We soon moved into a rental house which would become our house for the next 5 years. Looking at my life today, 5 years seems like nothing. Five years goes by in the blink of an eye before I even know it has passed nowadays! But those years of a person's early life in elementary and middle school seem like decades at the time. When everything is fresh and new in the eyes of a child, years seem endless, like decades almost, as so much development can happen in a year in a child's life that they start the year as one person and end it as another. With that said, the same can happen far into adulthood as well, it's just that we perceive the changes differently the older we get, and we perceive time and the passage of time differently the older we get. And perception, ultimately IS reality, or so I believe...or at least our own perceptions make up the lion's share of our realities, there are some physical facts that can't be changed that easily. The point is, the two decades that have passed as of now for me from the age of 17 to 37 seem like a mere 5 or 6 years to me at this point in my life; however, those happy memories of the 5 years as an elementary school kid I spent growing up in Malaysia seem like I could have easily spent 2 decades worth of time in those experiences, with all the varied experiences and growth I underwent at that time. Like I say, this was just the beginning of said growth for me; however, I would go on to perceive the passage of time and the rate of growth differently in day-to-day life as I got older.

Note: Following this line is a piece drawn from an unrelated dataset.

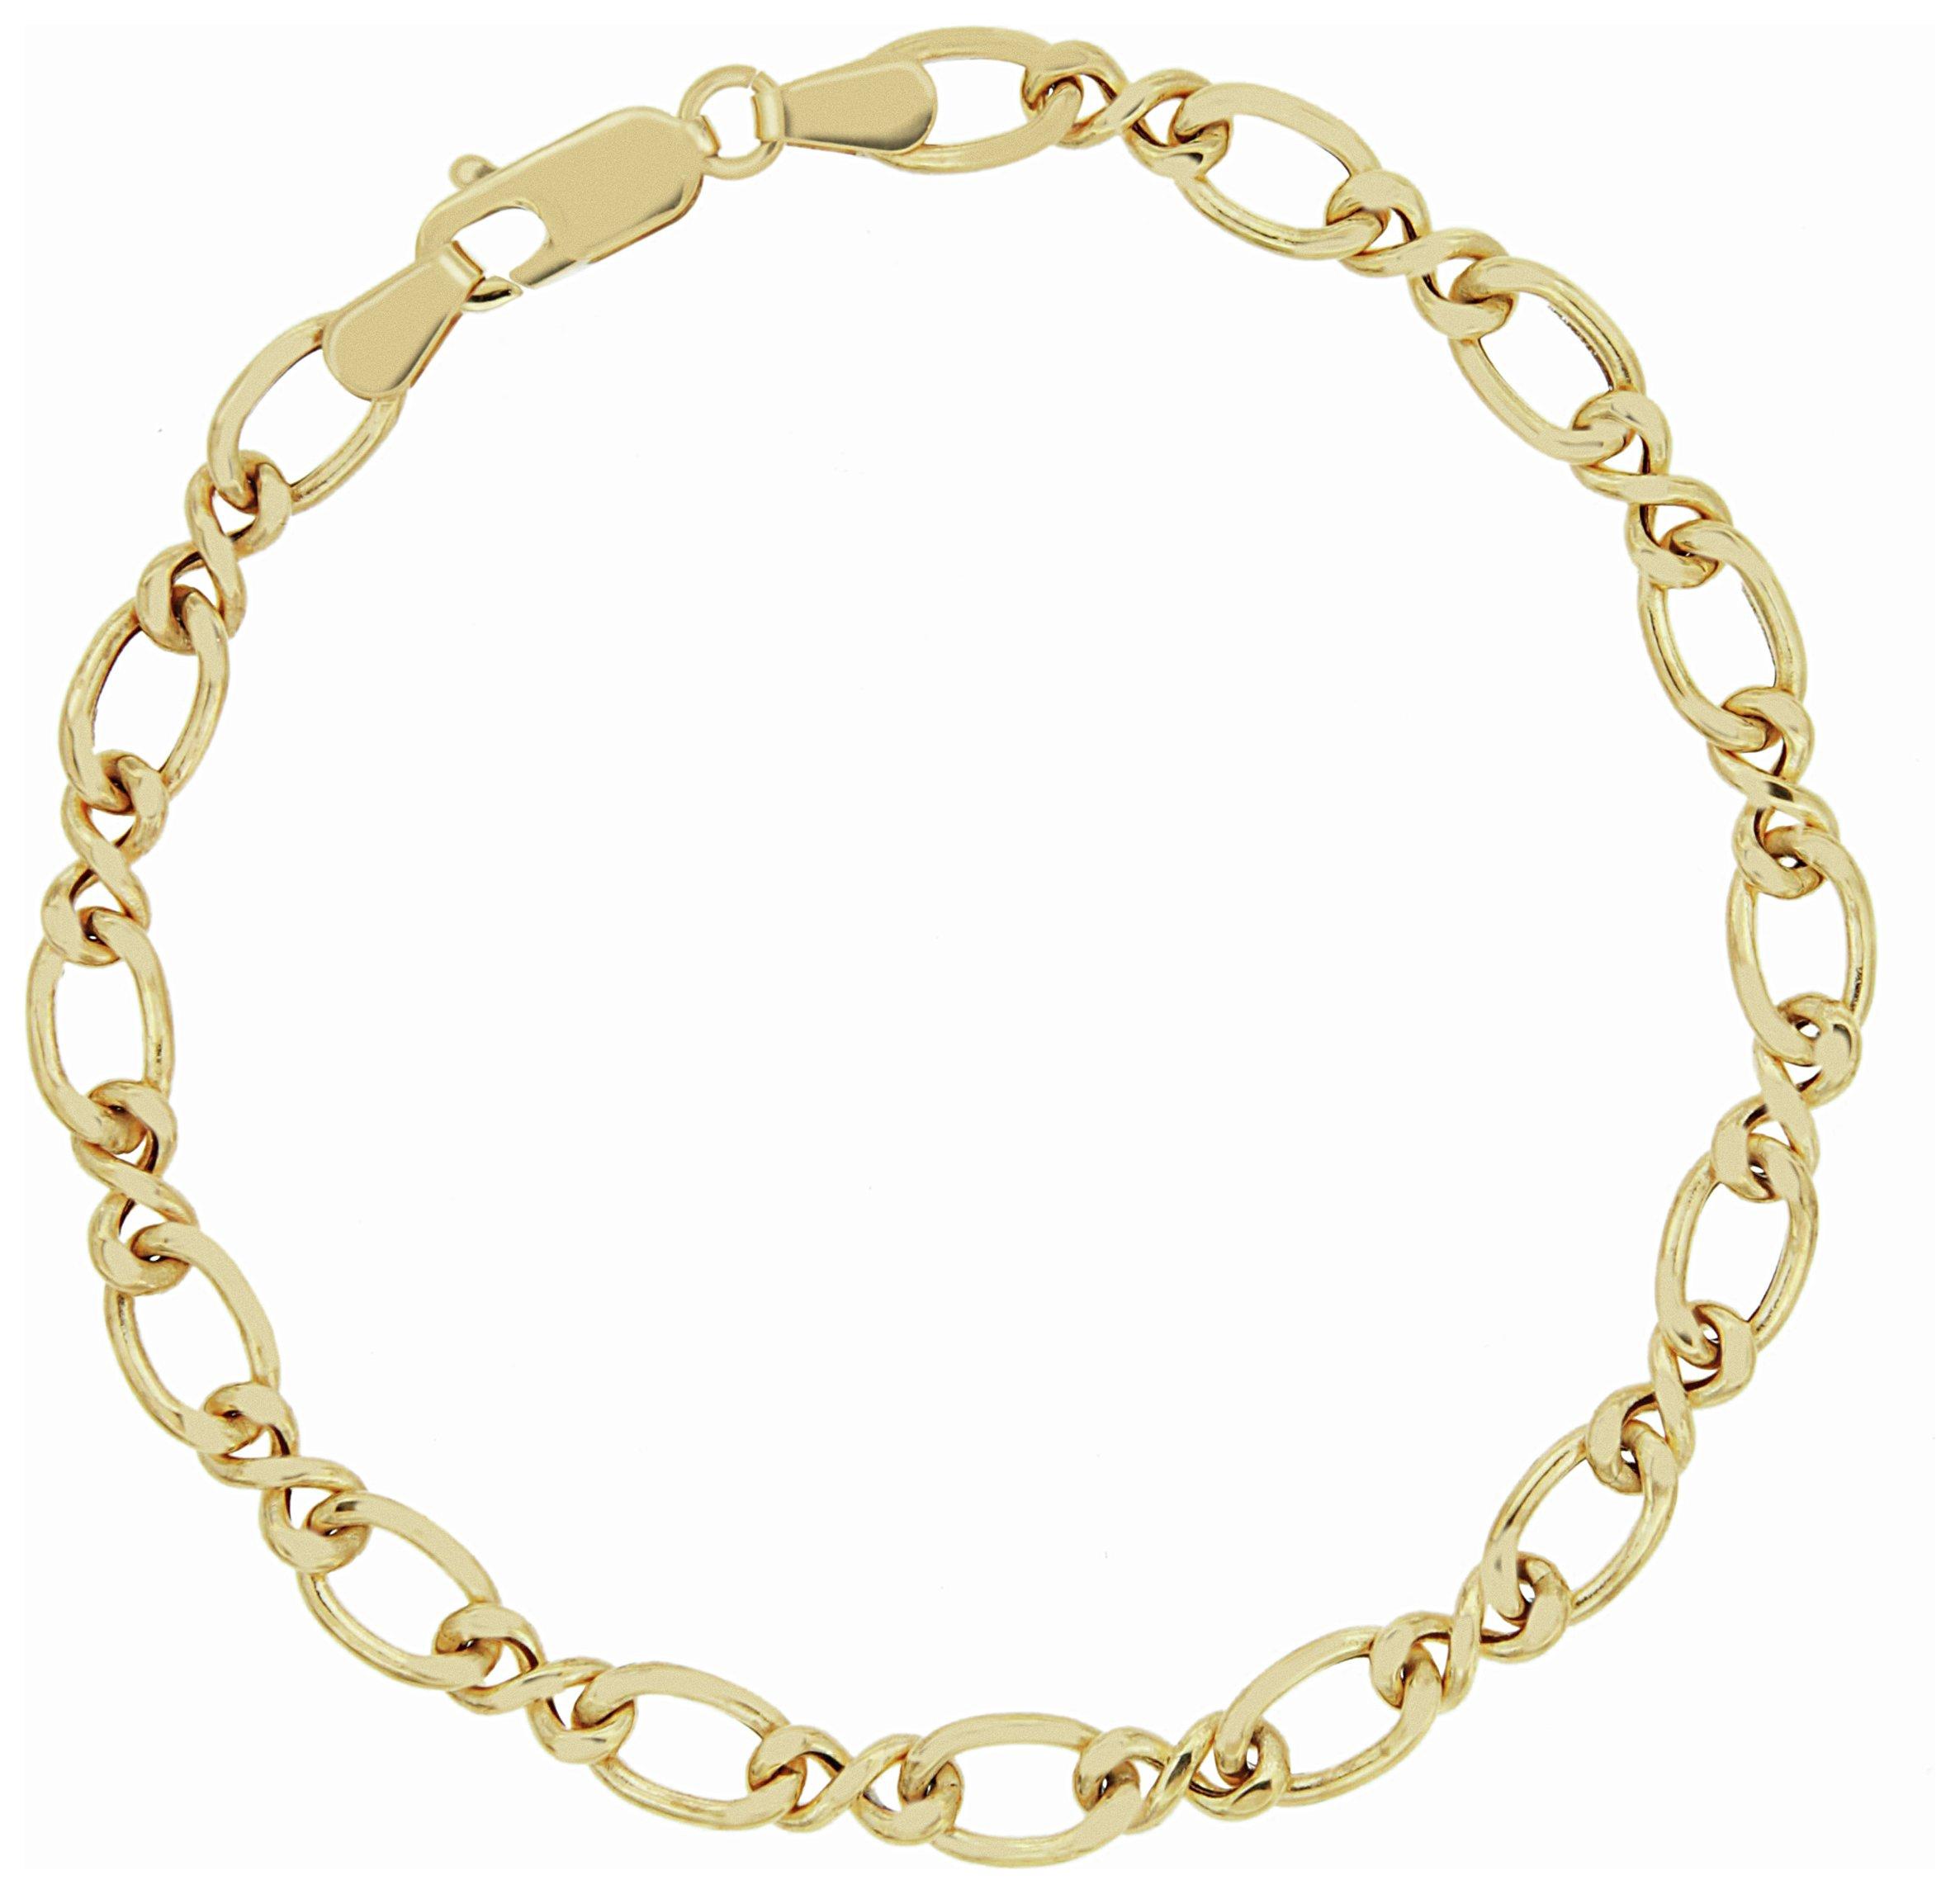 Image of Bracci - 9 Carat Gold - Infinity Link Bracelet.

My early memories of Malaysia in 2nd Grade when I first arrived consisted of running around chasing geckos on the walls in the evenings, catching all sorts of colorful guppies in little streams and drainage gutters all over the residential areas of town - that blew my mind because before coming to Malaysia I had had guppies in aquariums in the US that my parents had bought - actually paid money for - at a pet shop...and here they were, free and easy to catch in the rain gutters all over town! I remember the January 1, 1992 trip to Singapore, as previous talked about. I remember eating Mentos of all different flavors packaged in foil and paper tubes - the popular candy for sale in Malaysian convenience stores at the time. I remember selling boiled potatoes at a school bazaar, complete with salt and pepper as condiment options, and I still think of that as my first real venture of going out on my own and "working for myself."
It was interesting, because The International School of Kuala Lumpur, where I attended Elementary School, was housed in their Ampang K-12 campus at that time, but they were in the midst of building a dedicated K-5 Kindergarten-Elementary Campus in Melawati, a 20/25 minute drive away on the old road system (now I don't even recognize the landscape with all the overpasses and superhighways in place the last time I visited the area on my 30th birthday). Anyway, by 3rd Grade, the very next school year, us Kinder and Elementary Schoolers were moved to the brand new dedicated Elementary Campus in Melawati, which happened to be close (about a 10 minute drive from the campus) to the National Zoo.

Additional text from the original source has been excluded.